What this task involves: In your copy of the data, keep every word exact and include no pictures.

Data shown:
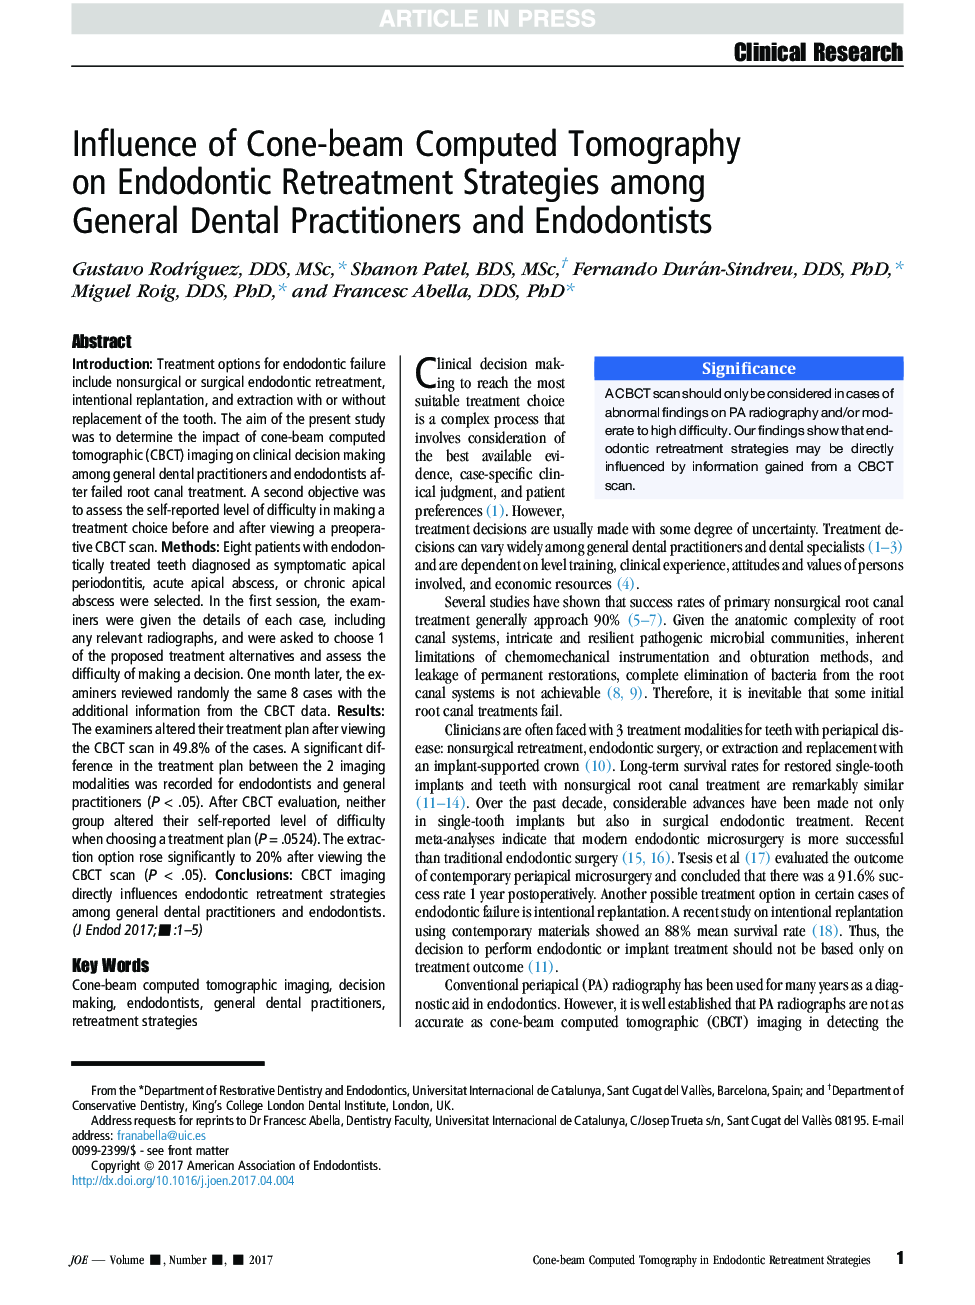 تأثیر توموگرافی کامپیوتری پرتوهای کروی بر راهبردهای بازتوانی اندودنتیکس در میان پزشکان عمومی دندانپزشکی و دندانپزشکان 
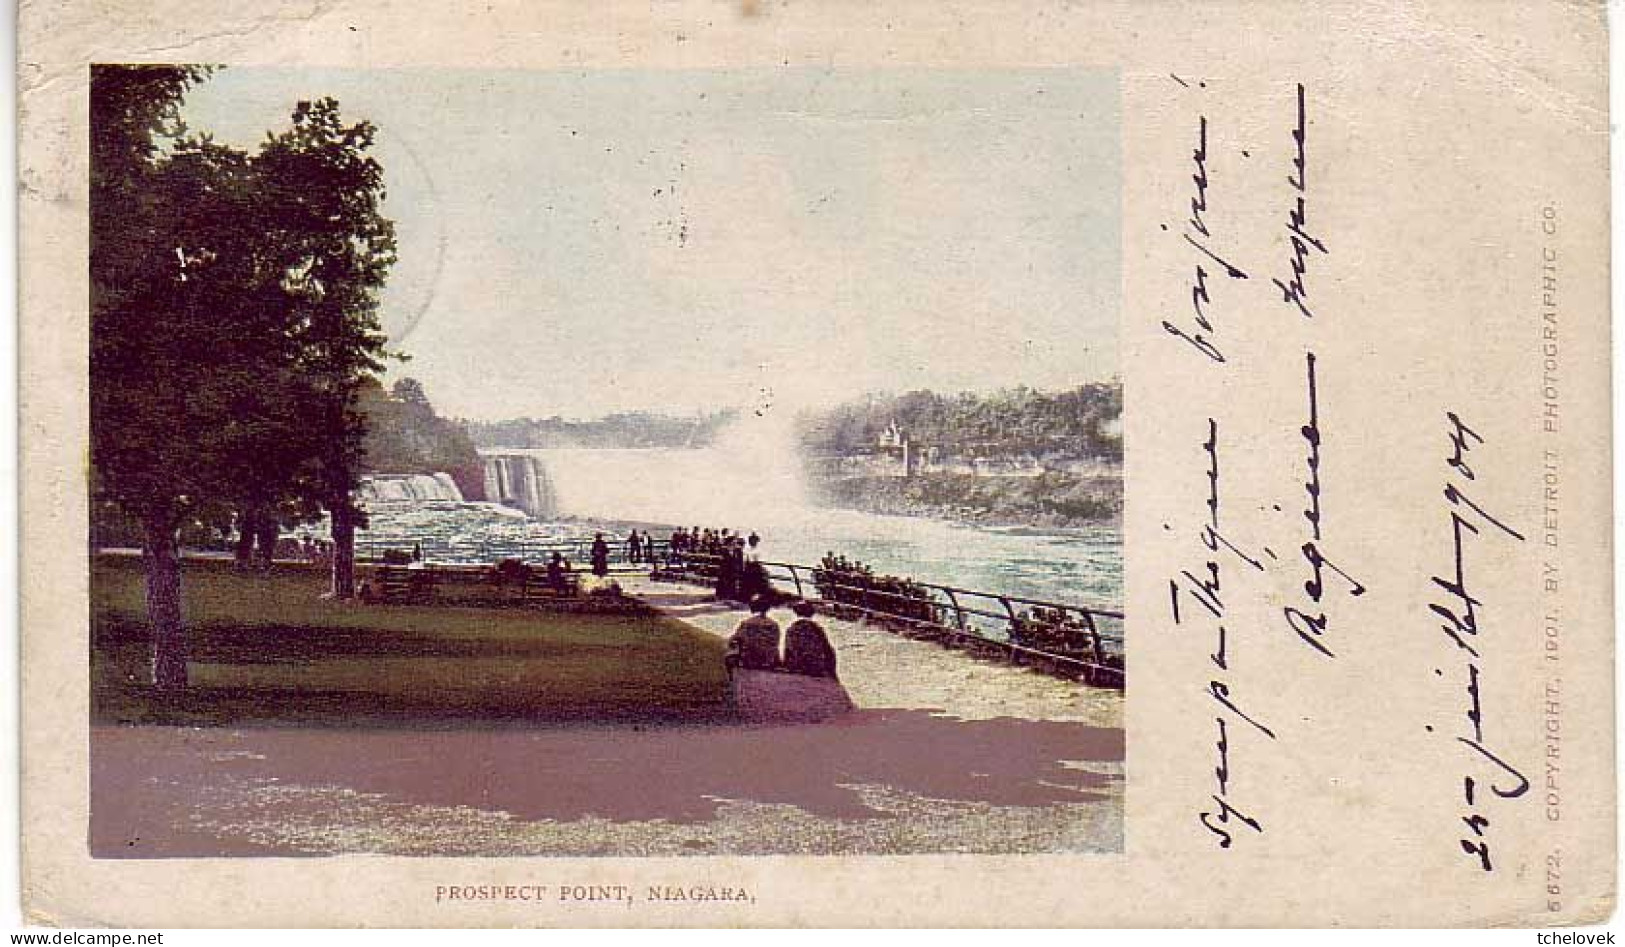 (99). Canada. Chute de Niagara falls (1) & NF 108 & (2) & (3) & 1904 Porspect point 1904 & L 93882 D
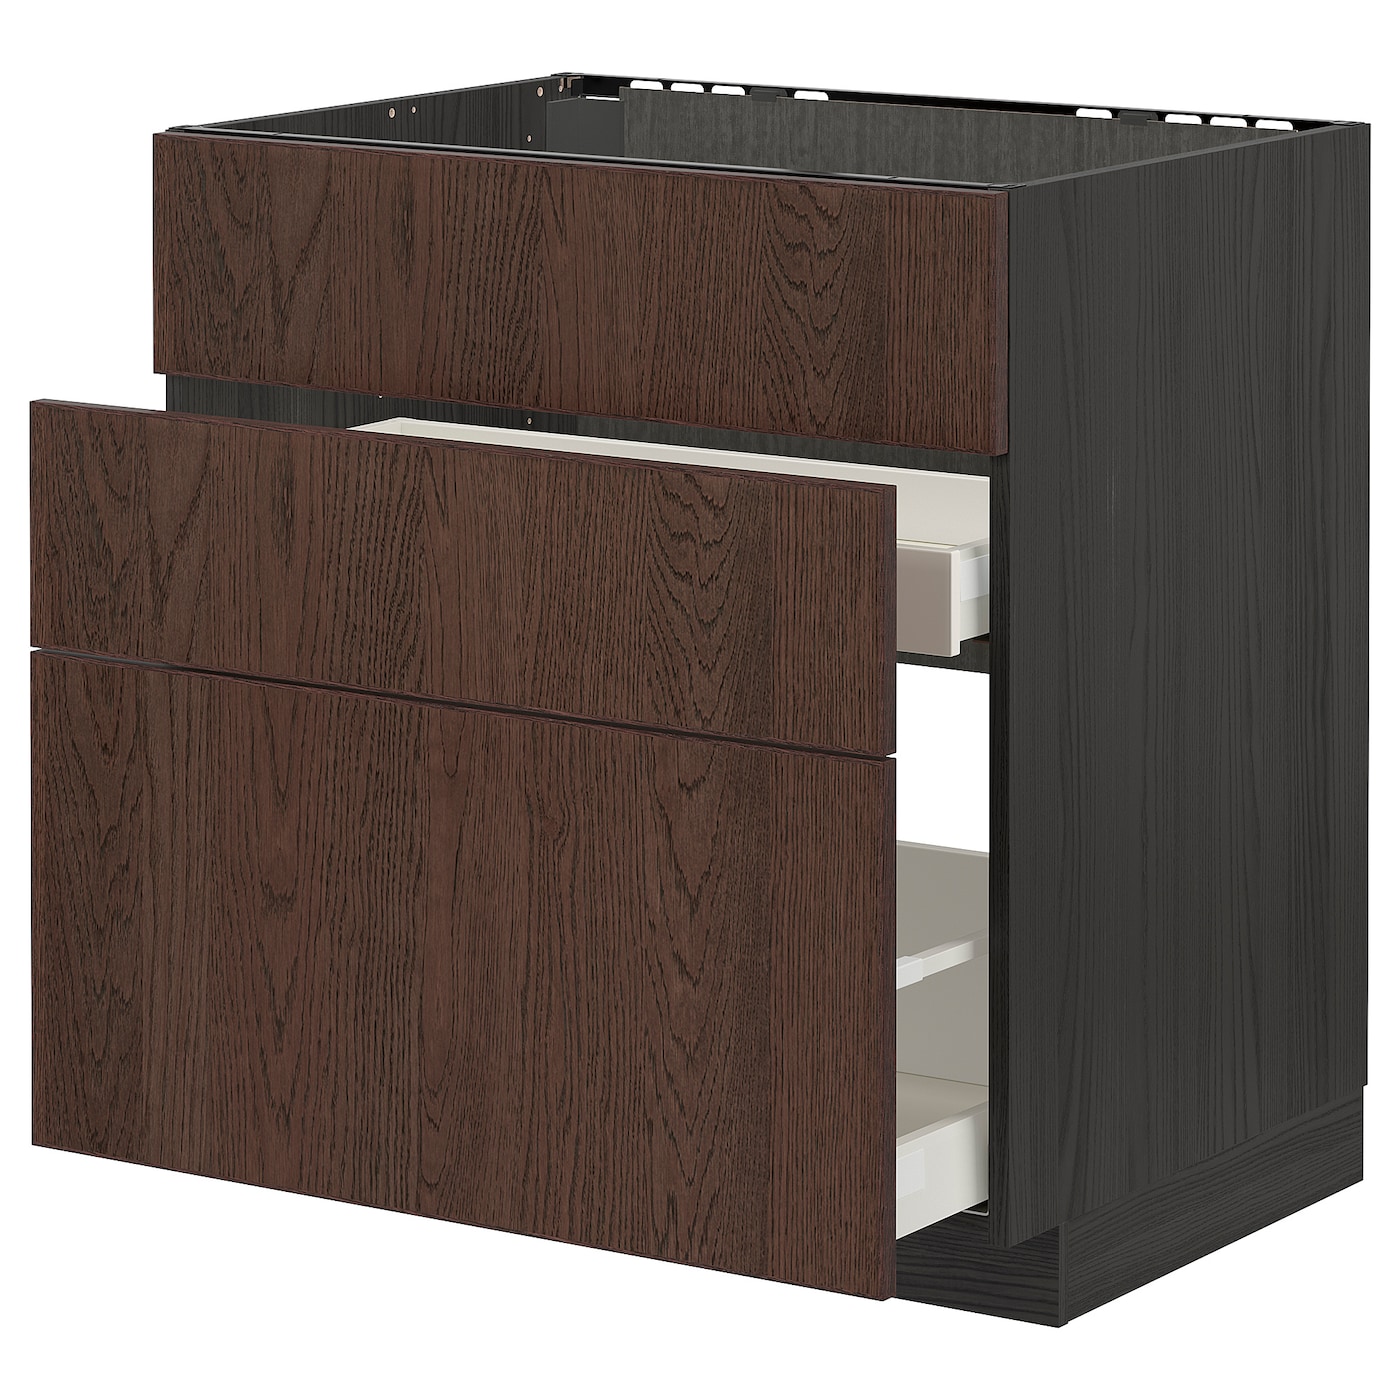 Напольный кухонный шкаф  - IKEA METOD MAXIMERA, 88x62x80см, черный/коричневый, МЕТОД МАКСИМЕРА ИКЕА

Output for this task:
 تأثیر توموگرافی کامپیوتری پرتوهای کروی بر راهبردهای بازتوانی اندودنتیکس در میان پزشکان عمومی دندانپزشکی و دندانپزشکان 
 (99). Canada. Chute de Niagara falls (1) & NF 108 & (2) & (3) & 1904 Porspect point 1904 & L 93882 D
 Напольный кухонный шкаф  - IKEA METOD MAXIMERA, 88x62x80см, черный/коричневый, МЕТОД МАКСИМЕРА ИКЕА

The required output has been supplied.